Document Analysis as Python Code with Great Expectations
If you have pulled your hairs out fixing the performance of a model built by someone else and at the same time wondering “why is this happening to me?”, then this post may be for you.
The following story is one of the worst nightmare in data science:
- A model that has been working for months started to lose its performance.
- Management saw the drop in a dashboard and started asking why.
- But this model was built by someone who has left the company.
You spent weeks debugging, only to find out that it was due to a small change in business logic change that you are not aware of. The performance drop came from the fact that the data has been in a different state than before.
You couldn’t go back doing what you were doing because there was time pressure. As a result, you lost the momentum on your own project.
Even worse, no one thanked you for fixing the model because it was supposed to work in the first place.
It was a lose-lose deal from the outset and everyone was upset.
Is my problem in the data or somewhere else?
What is the problem
The problem comes down to one thing:
Building a new model is easier than maintaining a model
and the knowledge of the builder did not pass down to the maintainer.
When I build a new model, I probably spend more than 60% of my time understanding all the edges in my data to curate a dataset for my model. There are lots of insights gained about business in this process.
Where did those insights go? Jupyter Notebooks, of course. Even if I remember to write down all my findings, which is questionable, this process still creates a problem.
No one is going to read through all my notebooks when the model is given to somebody else
Automate the knowledge transfer
This is one of the hardest problem in a data science team–how do I transfer knowledge?
If I spend 80% of the time on exploratory analysis, then I should be able to capture and automate my insights into code, so the next person that takes on my project can
- read through the code to gain the same insights, and
- see a warning when bad things happen and check against what I already know about the data.
But there was no good tool that handles this problem. Most of the teams I know monitor the data pipeline with their own tools, and there is no consensus on how to transfer knowledge of this kind. Unit test does not help–the problem is not in the code but in the data.
Comes Great Expectations
great_expectations was the first Python package that I saw that was perfect for this task. It came from a tweet:
What tools exist for automated monitoring of incoming data that are oriented at data scientists/engineers?— David Robinson (@drob) August 9, 2018
Like unit testing for data: e.g. "Yesterday the completion rate of courses dropped by 90%"
I'm aware of one, Great Expectationshttps://t.co/2YA0hKI5mb
After playing with it, I can say that I loved this package and the idea behind it. Therefore, in this post, I will cover the absolute basics of getting started.
My goal for this post is to show you how to
- set basic expectations and save the config, and
- load expectations and validate on a new dataset.

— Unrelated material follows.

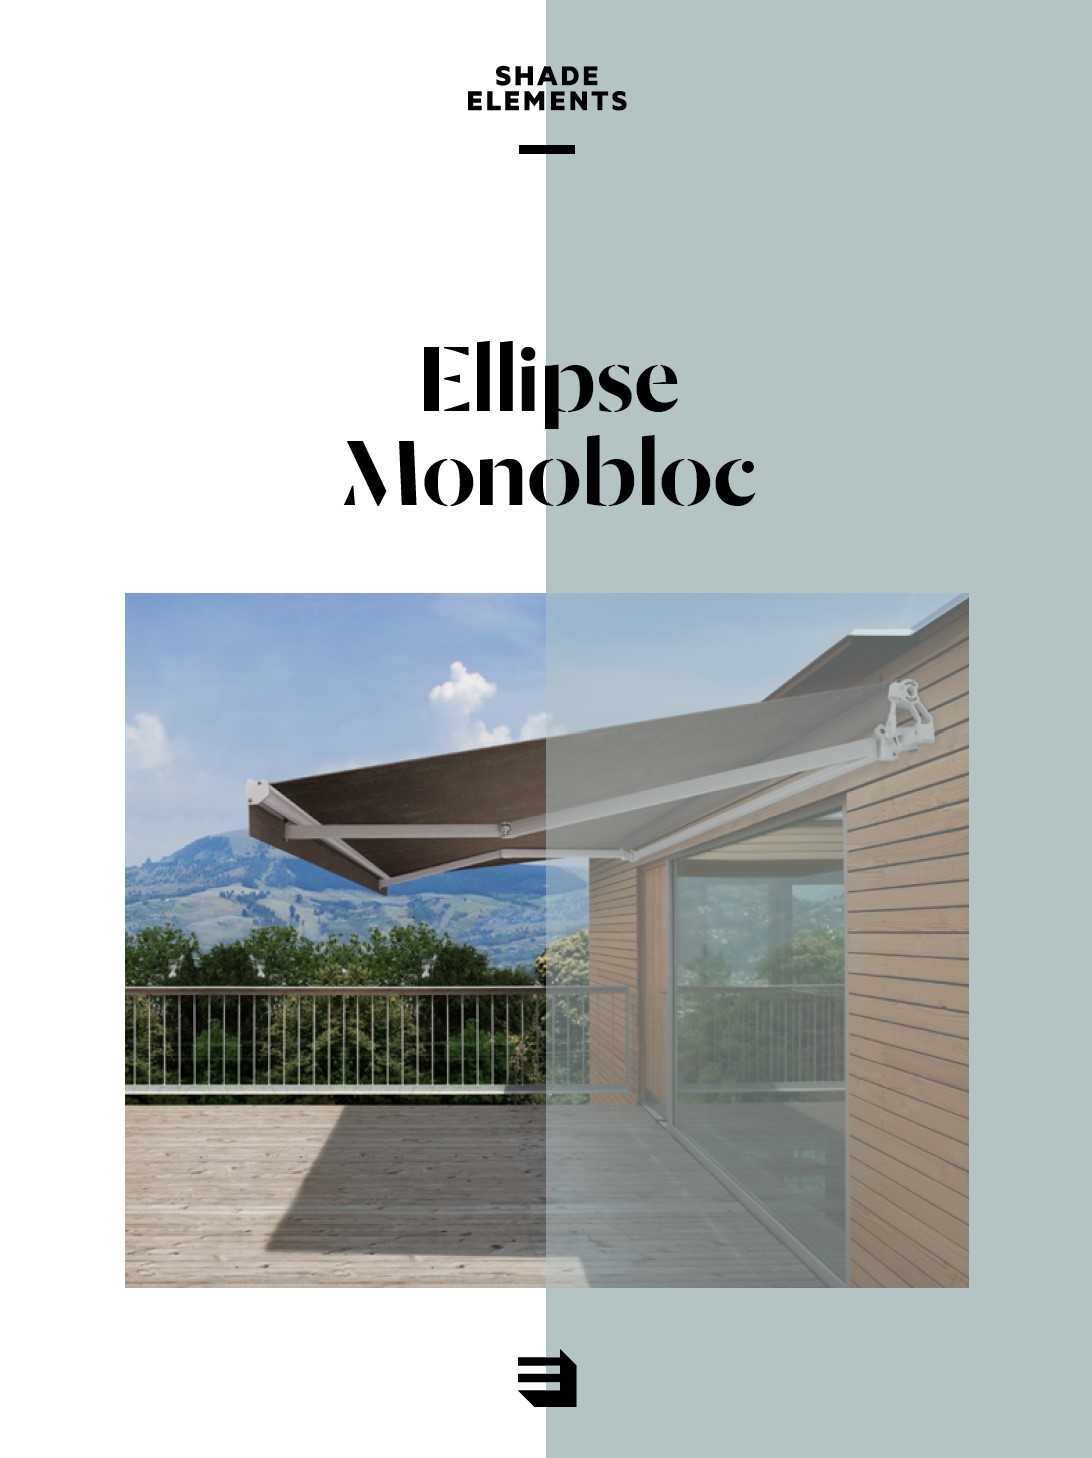 Ellipse Monobloc brochure for manual awning thumb

- Project page: https://github.com/great-expectations/great_expectations
pip install --user great_expectations
Throughout the post, I will use
import great_expectations as ge
The dataset I’m using is a Kaggle dataset called San Francisco Street-Use Permits. I picked this one because I wanted to find a real life dataset that can emulate the situation I have in mind. In this case, let’s say I have a model that uses
Permit Type as a feature, then what if the city government started issuing a new type of permit? How can I catch that change in my data pipeline?
Using Great expectations
The idea behind
great_expectations is that each dataset should be paired with a set of expectations—they are tests for data during runtime.

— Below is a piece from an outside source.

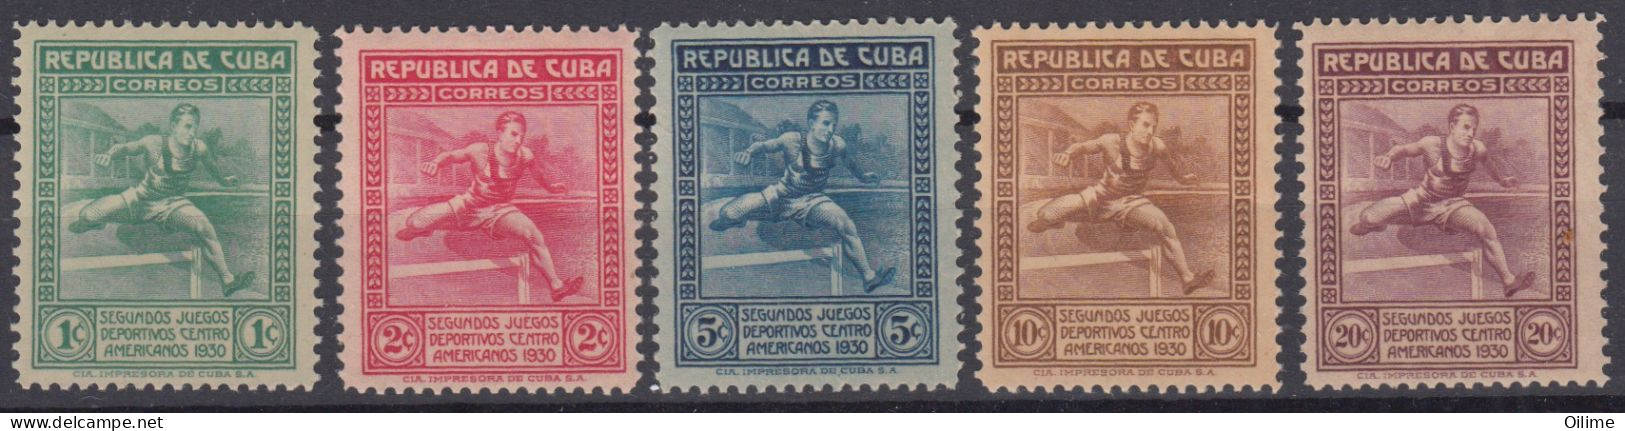 CUBA 1930. II JUEGOS DEPORTIVOS CENTROAMERICANOS. MNH. EDIFIL 239/43 - Ungebraucht

The library does not throw an error if a new batch of data in the dataset violates the expectations, as how I want to use this piece of information depends on the context. Depending on the situation, I might
- Reject the new batch of data, and only use the old and validated ones
- Raise a warning in the logs
- Send an email at 3 AM to the person on call for the pipeline to take a look
But it is unlikely that I want to throw an error and stop the whole pipeline.
- Loading data
- Setting an expectation on a
- Exporting and importing expectations
1. Loading data
great_expectations sits on top of
pandas and pair the expectations with
pandas dataframes. So the first step is to convert a
pandas dataframe into a
great_expectations dataframe (i.e. making a subclass.)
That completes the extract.